Under Klotzbach’s pressure-based scale, 2018’s Hurricane Michael would have gained Category 5 status ahead of reaching the coast. The powerful storm that wiped out Mexico Beach, Fla. and cut a path of devastation into Georgia, was considered Cat 4 at landfall. A reanalysis of storm data elevated it to a Cat 5 six months after its October landfall.

Sandy was considered a post-tropical cyclone at landfall, but its central pressure of 942 would have made it a Cat 4 storm on Klotzbach’s scale.

Hurricane Ike in 2008 was a Cat 2 hurricane when it hit the north end of Galveston Island, Texas, where more than a dozen people died as a 20-foot storm surge pushed ashore. Ike would have been a major Cat 3 hurricane under Kloztbach’s scale.

“Ike was a Cat 2 so people said ‘we’re not going anywhere,’” Klotzbach said.

More hurricanes gained categories when considering pressure, but some were deflated. Barry, which hit Louisiana in July 2019, lost its hurricane status.

James Franklin, the former chief of forecast operations at the National Hurricane Center, said he’s not surprised pressure is a better indicator of storm damage, but he’s not ready to scrap the Saffir-Simpson scale.

While insurance companies might want to use pressure as a guide, it doesn’t help the general public in understanding what is coming, Franklin said.

“People in harm’s way need to be concerned with the potential threats to themselves and their property — that is wind, surge flooding and freshwater flooding,” he said. “Emphasizing the minimum central pressure, or changing the categorization from wind to pressure, would be counterproductive to communicating these risks to residents.”

Some are reluctant to give up on the Saffir-Simpson scale

The National Hurricane Center has emphasized risks over storm category for years, but officials are reluctant to talk about potential changes or alternatives to the Saffir-Simpson scale, which launched in 1973. Storm surge was included in the scale originally, but was removed in 2010.

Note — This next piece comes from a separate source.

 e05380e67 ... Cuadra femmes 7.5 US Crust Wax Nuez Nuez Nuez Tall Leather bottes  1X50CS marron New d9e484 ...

The hurricane center now issues specific storm surge watches and warnings individualized for each storm and coastline.

“People are expending a lot of energy trying to improve the Saffir-Simpson scale and I think these efforts are misguided,” Franklin said.

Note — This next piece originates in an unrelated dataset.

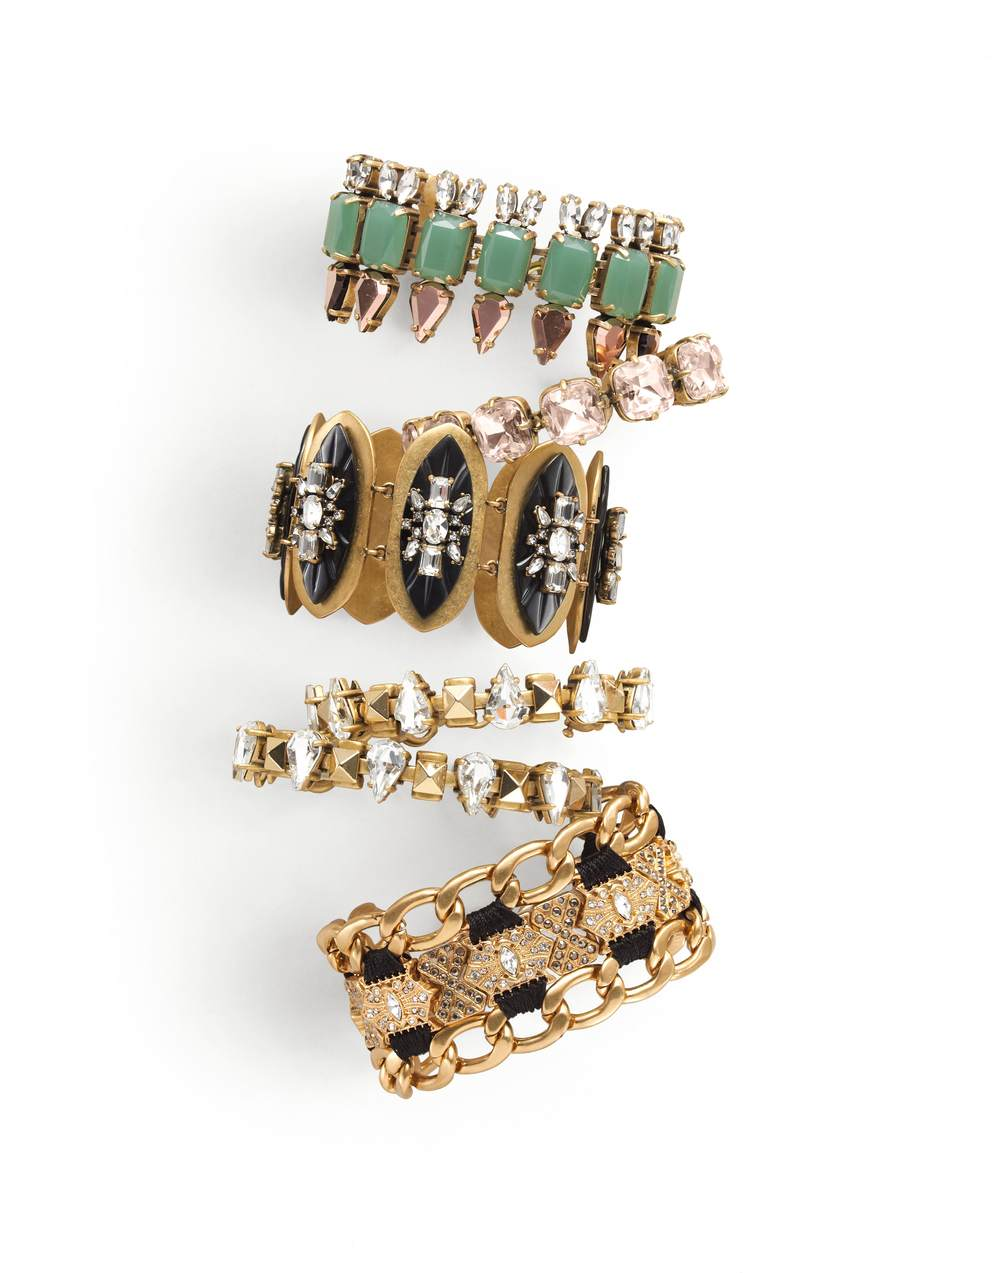 Jcrew_catalog_jewelryphotography.jpg

Some studies have looked at measuring storms by integrated kinetic energy, which considers the size of the storm as well as wind speed. In 2013, a paper by researchers at Florida State University and the Florida Climate Institute proposed a measurement that includes size, intensity and duration.

Jeff Masters, co-founder of Weather Underground who writes the Eye of the Storm blog for Scientific American, thinks a change to Saffir-Simpson is warranted. He said Europe uses a color-coded system to convey magnitude of the storm threat, but acknowledged that may be too simple.

“Clearly we have to do something different because the current system does not work,” Masters said about the Saffir-Simpson scale. “The paper makes a good case that using central pressure to rank hurricanes is superior to using maximum winds.”

Kmiller@pbpost.com

@Kmillerweather

Landfalling hurricane status changes using proposed scale based on minimum central pressure over wind speed

Hurricane Katrina would go from a Cat 3 to Cat 5.

Superstorm Sandy, which was post-tropical when it made landfall in 2012, would rank as a Cat 4.

Hurricane Ike, in 2008, would be elevated from a Cat 2 to a Cat 3.